# What the task asks:
The lines from the one containing "Black tights for plus size women" through the last line below, both ends included, must be reproduced exactly, with no pictures.

# Given information:
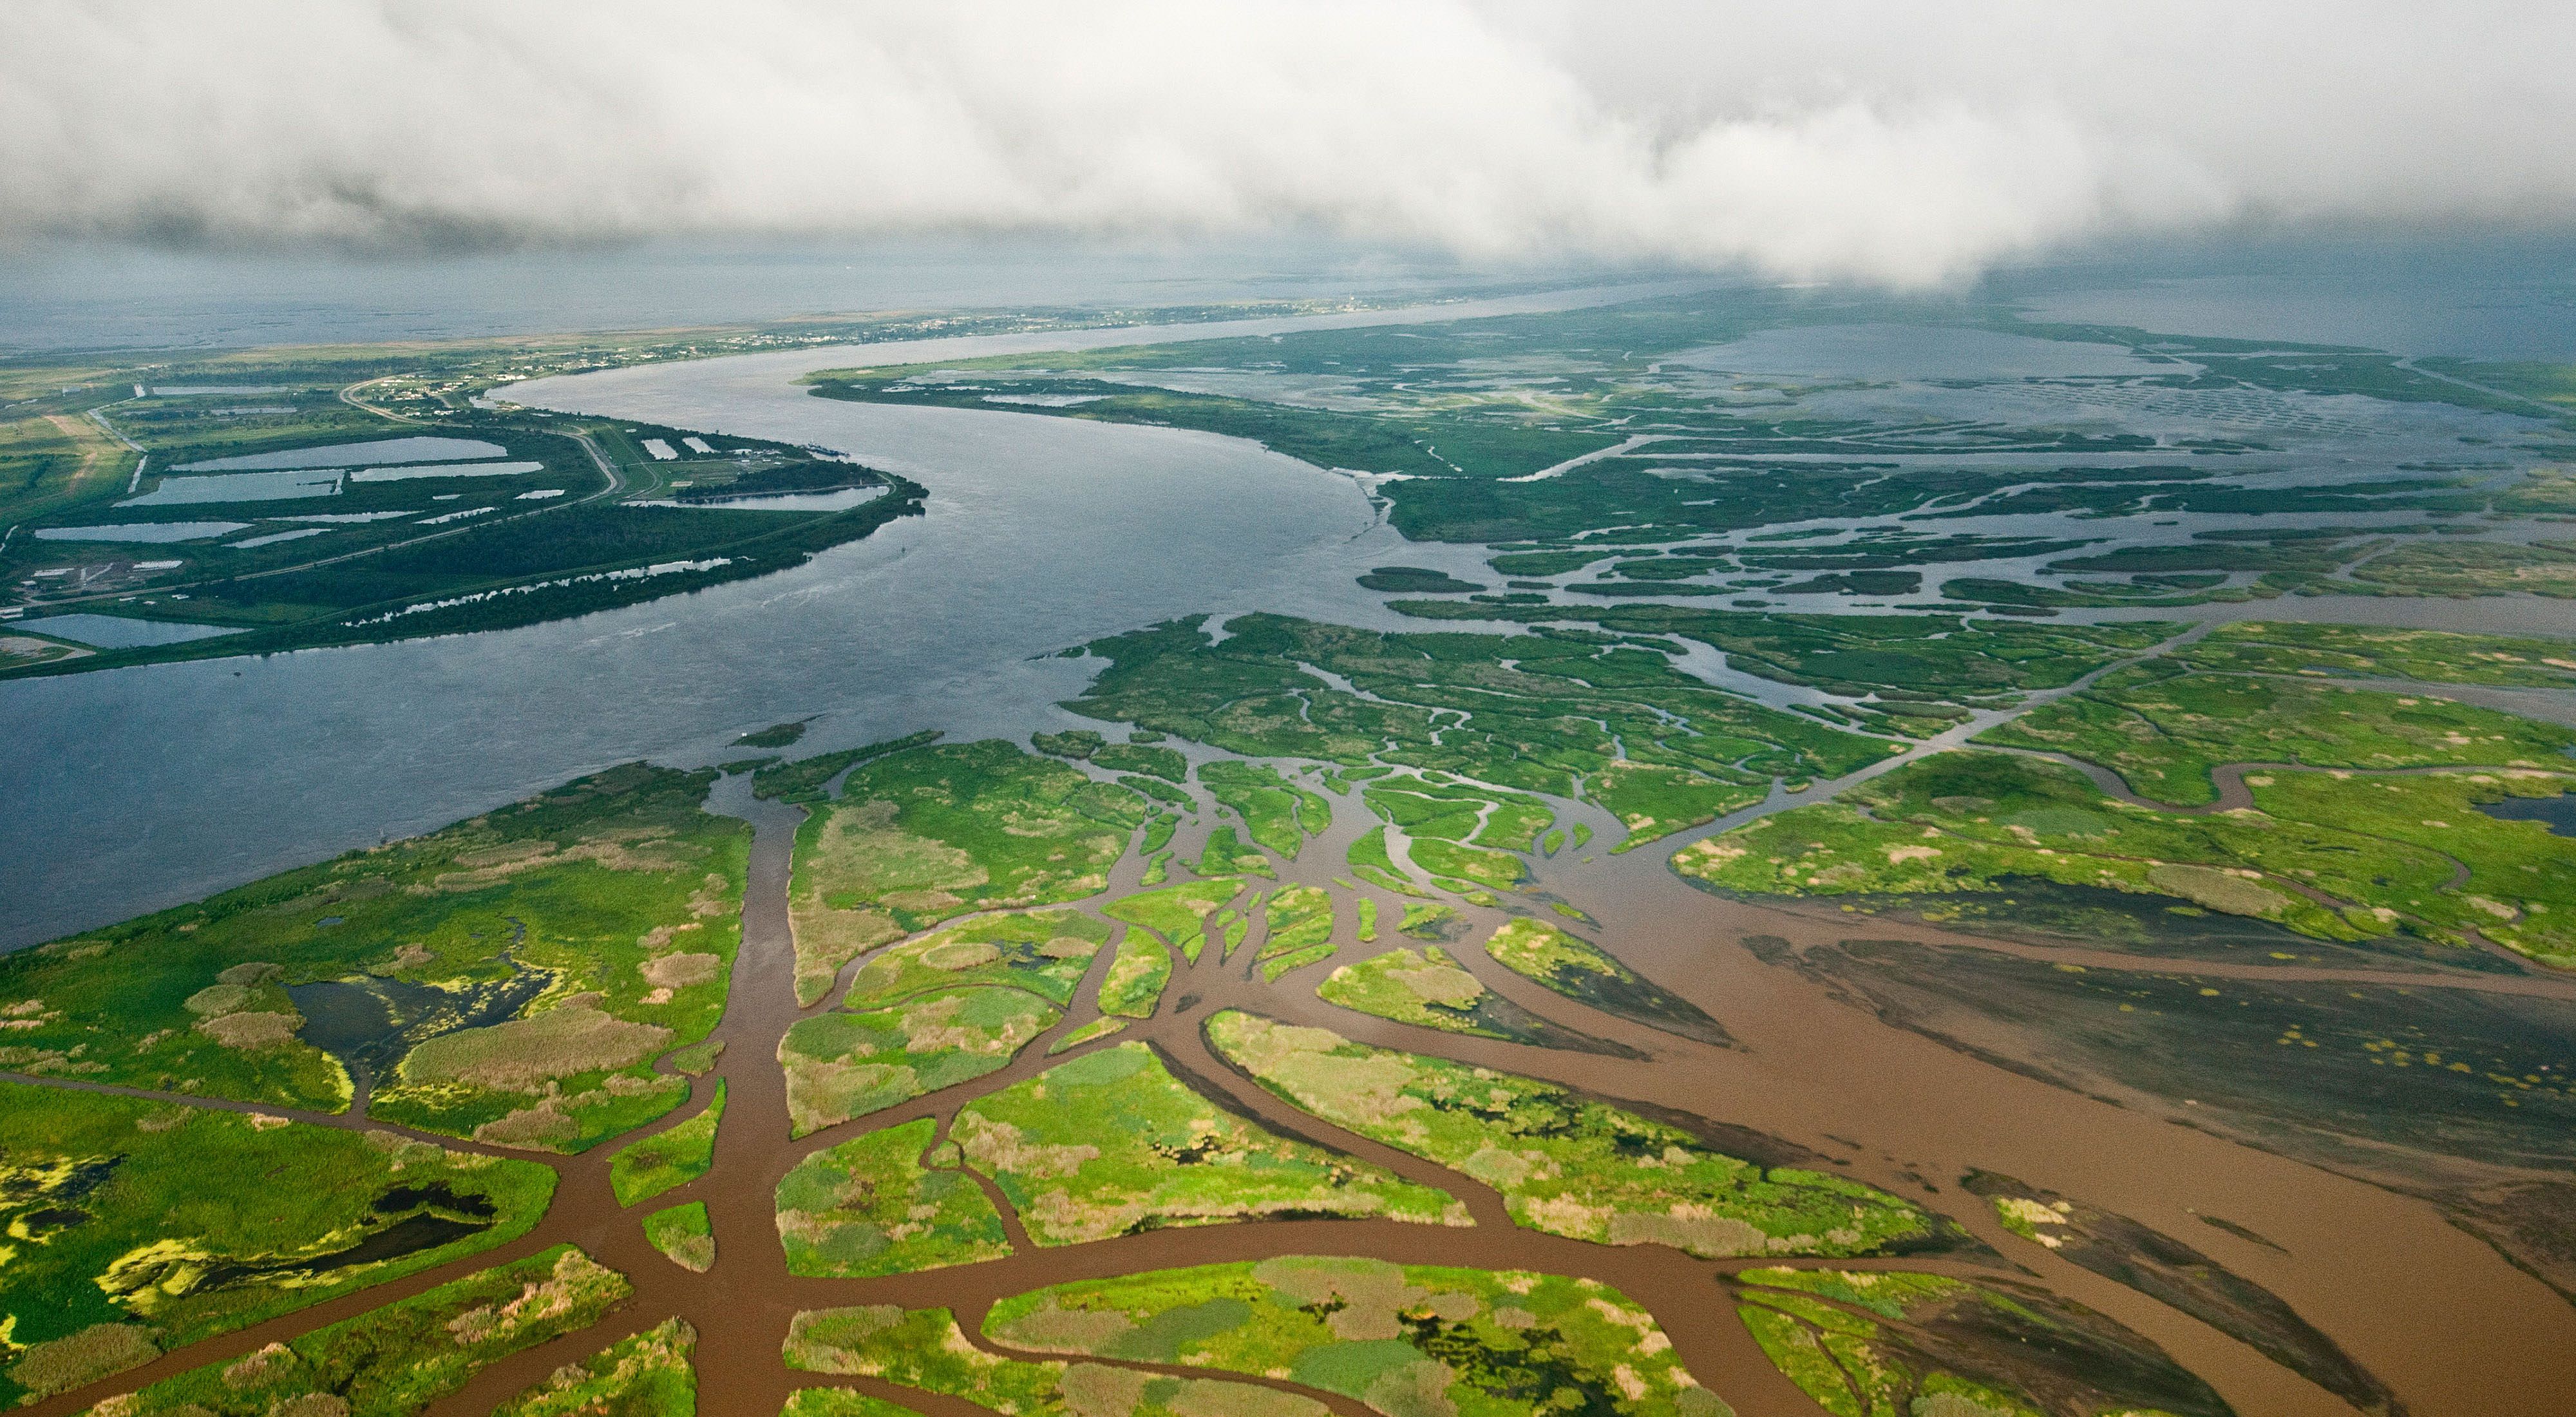 Aerial view of the Mississippi River delta near New Orleans.
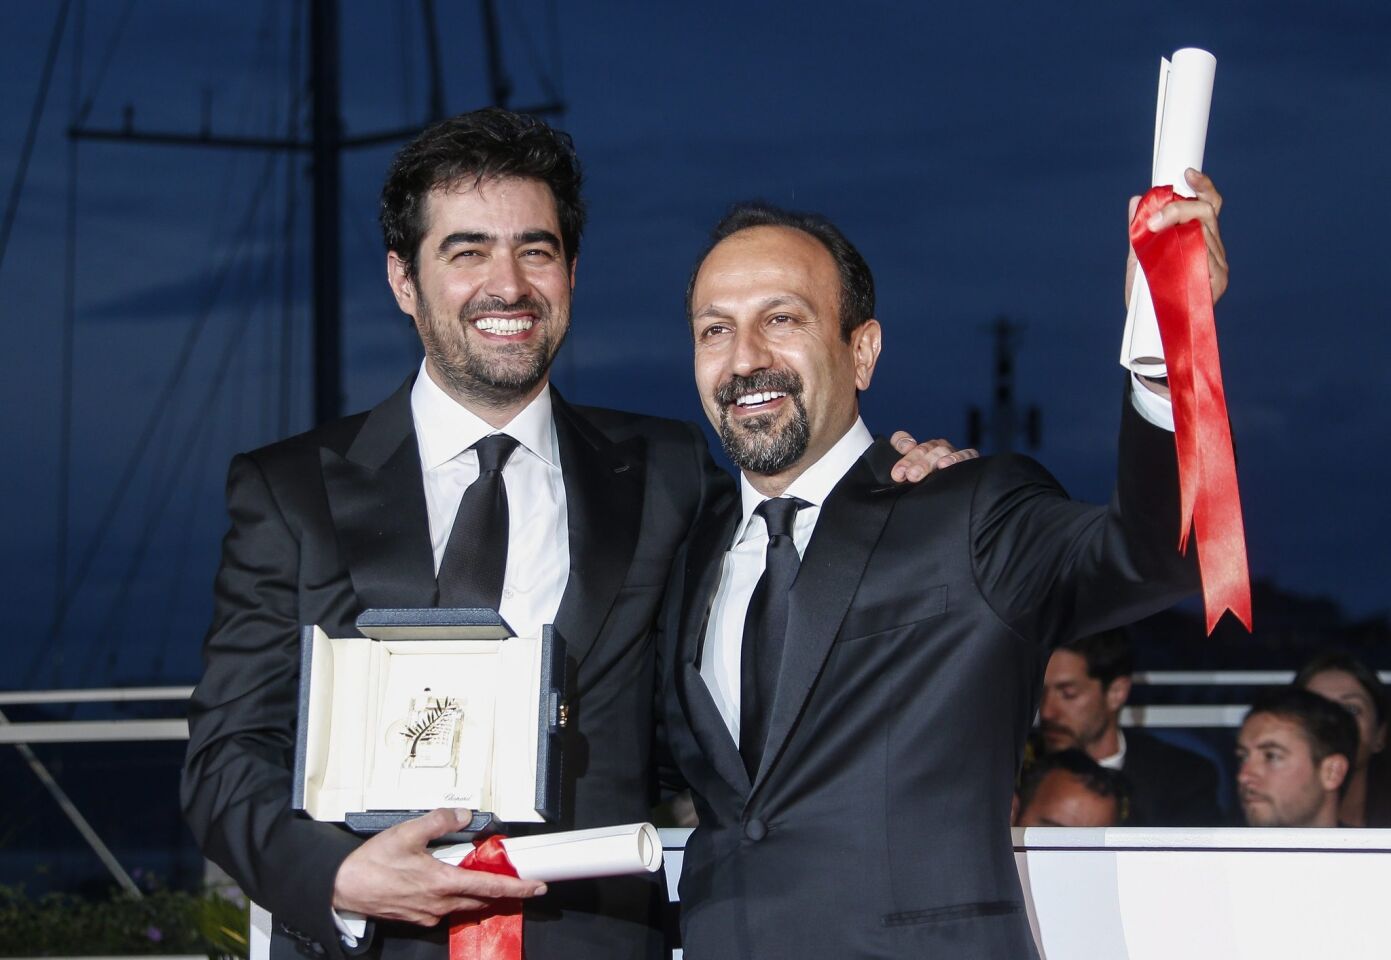 Iranian director Ashgar Farhadi, right, and Iranian actor Shahab Hosseini pose during the award winners photo call after they won the Best Screenplay award and the Best Performance by an Actor award for the movie "Forushande" ("The Salesman").
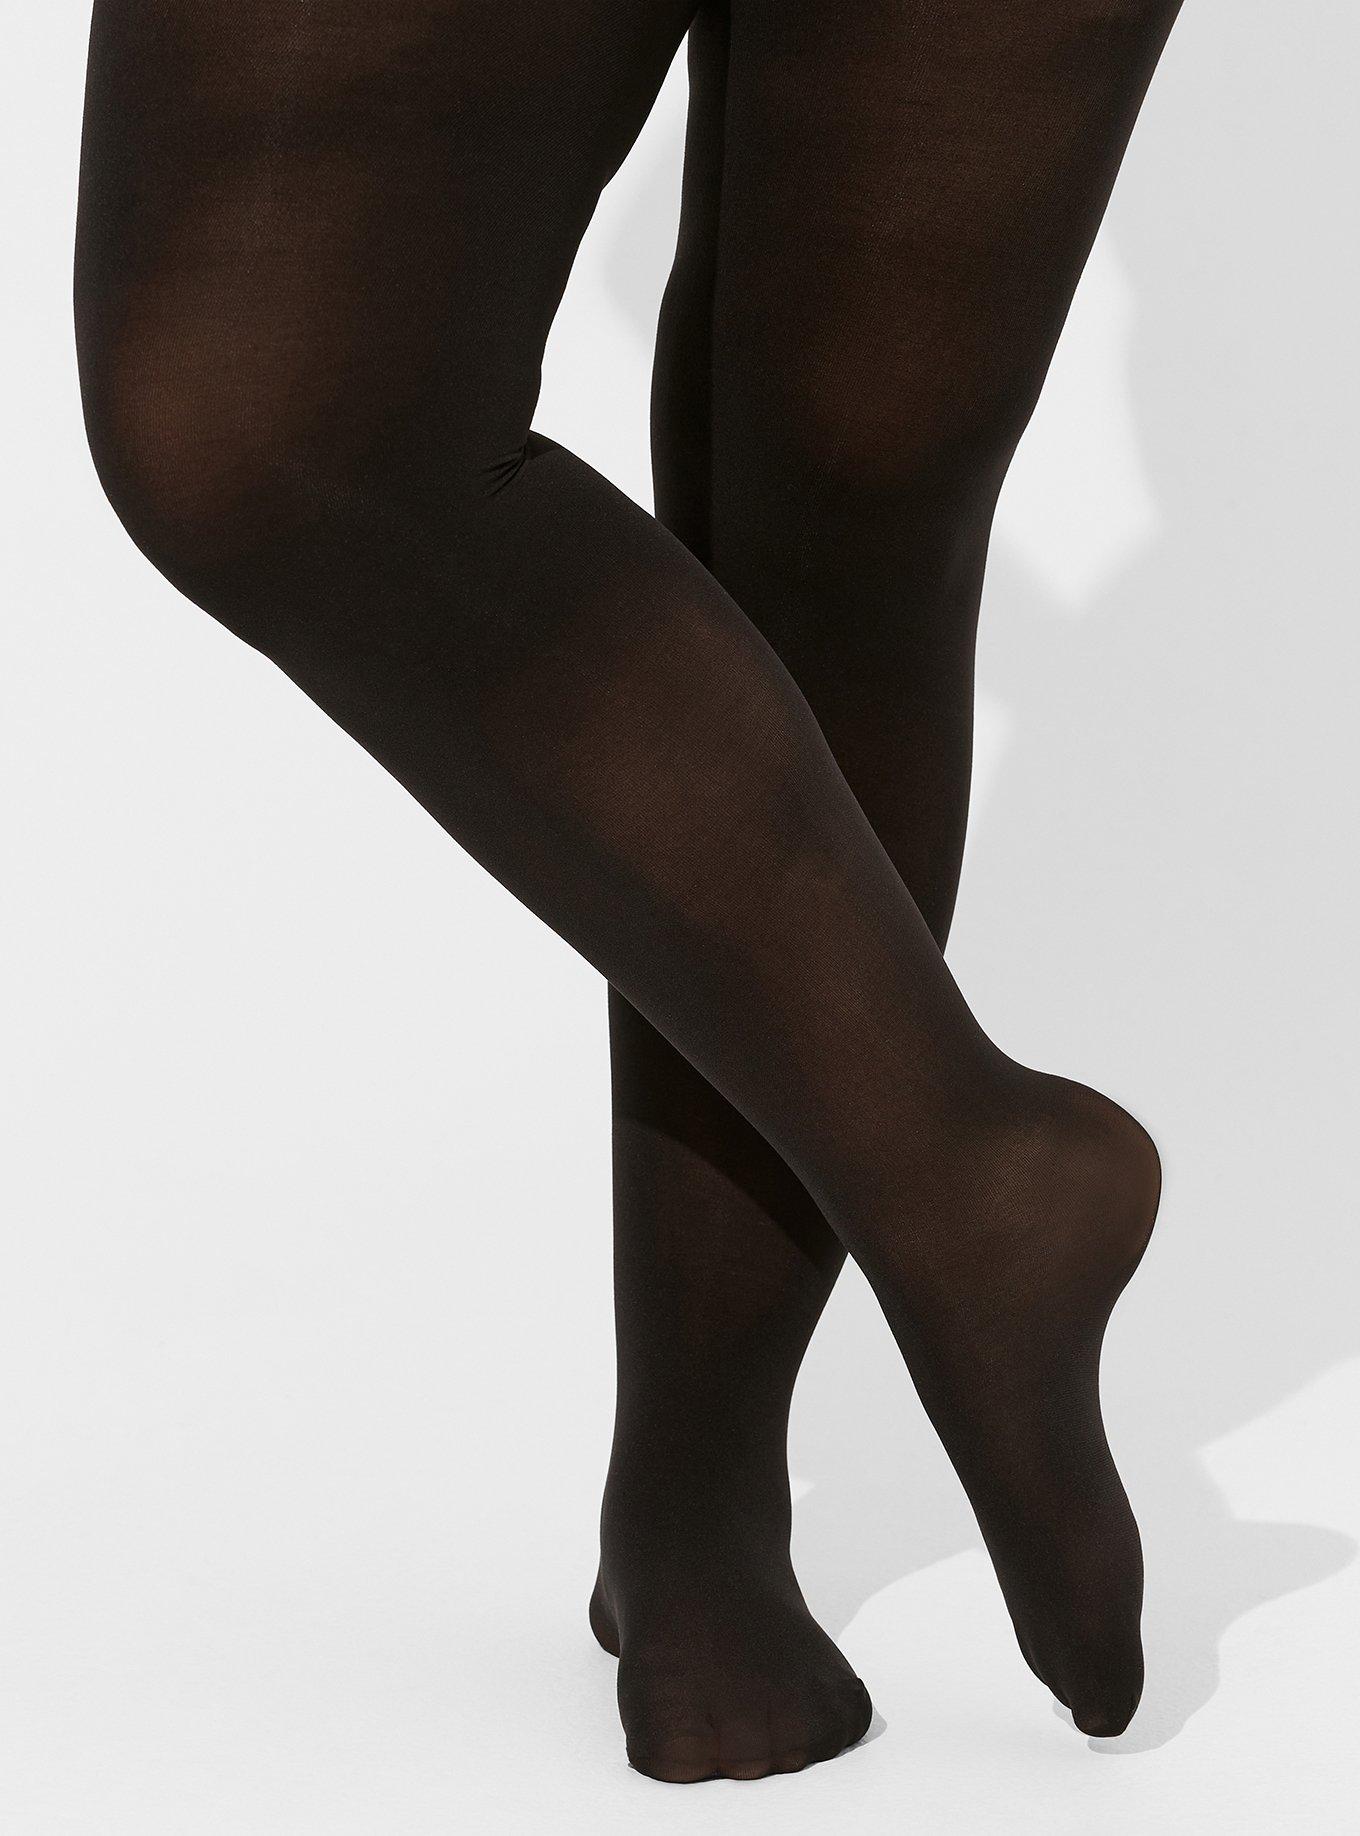 Black tights for plus size women
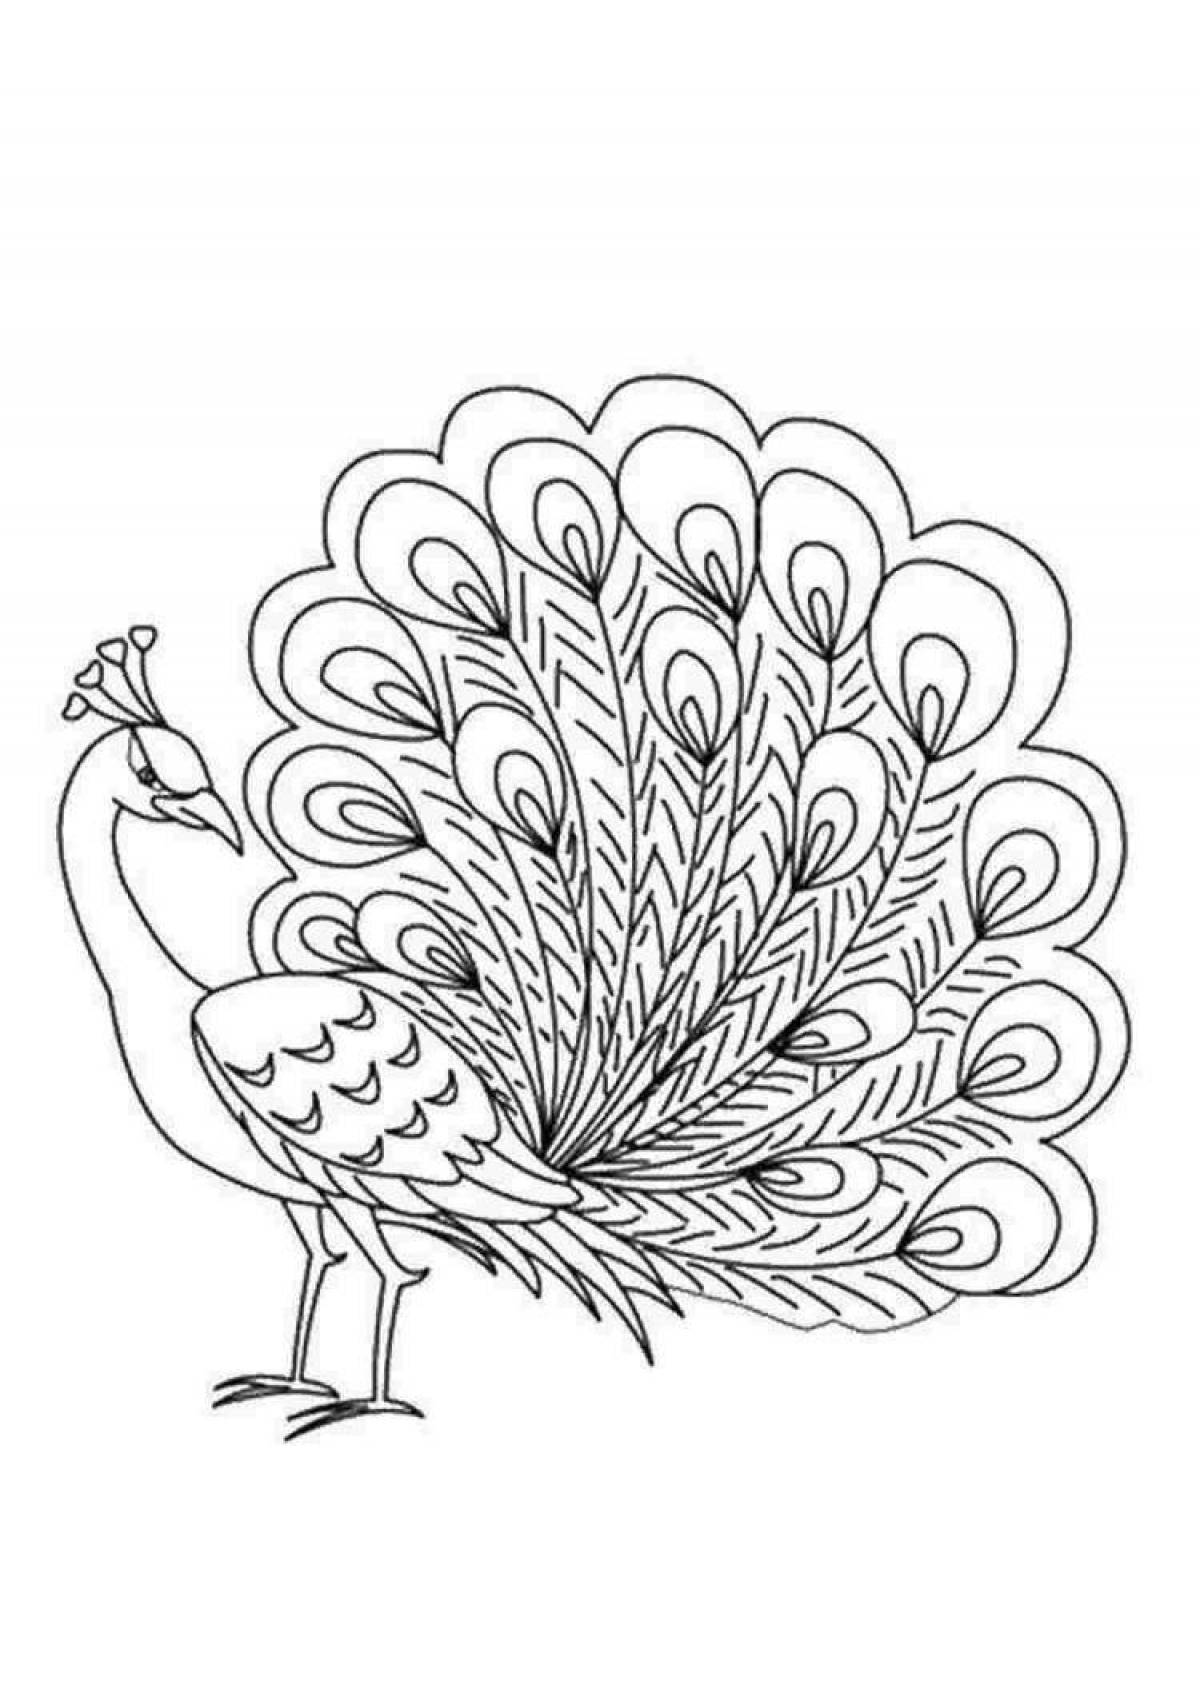 Joyful peacock feather coloring book for kids

# Exercise solution:
 Black tights for plus size women
 Joyful peacock feather coloring book for kids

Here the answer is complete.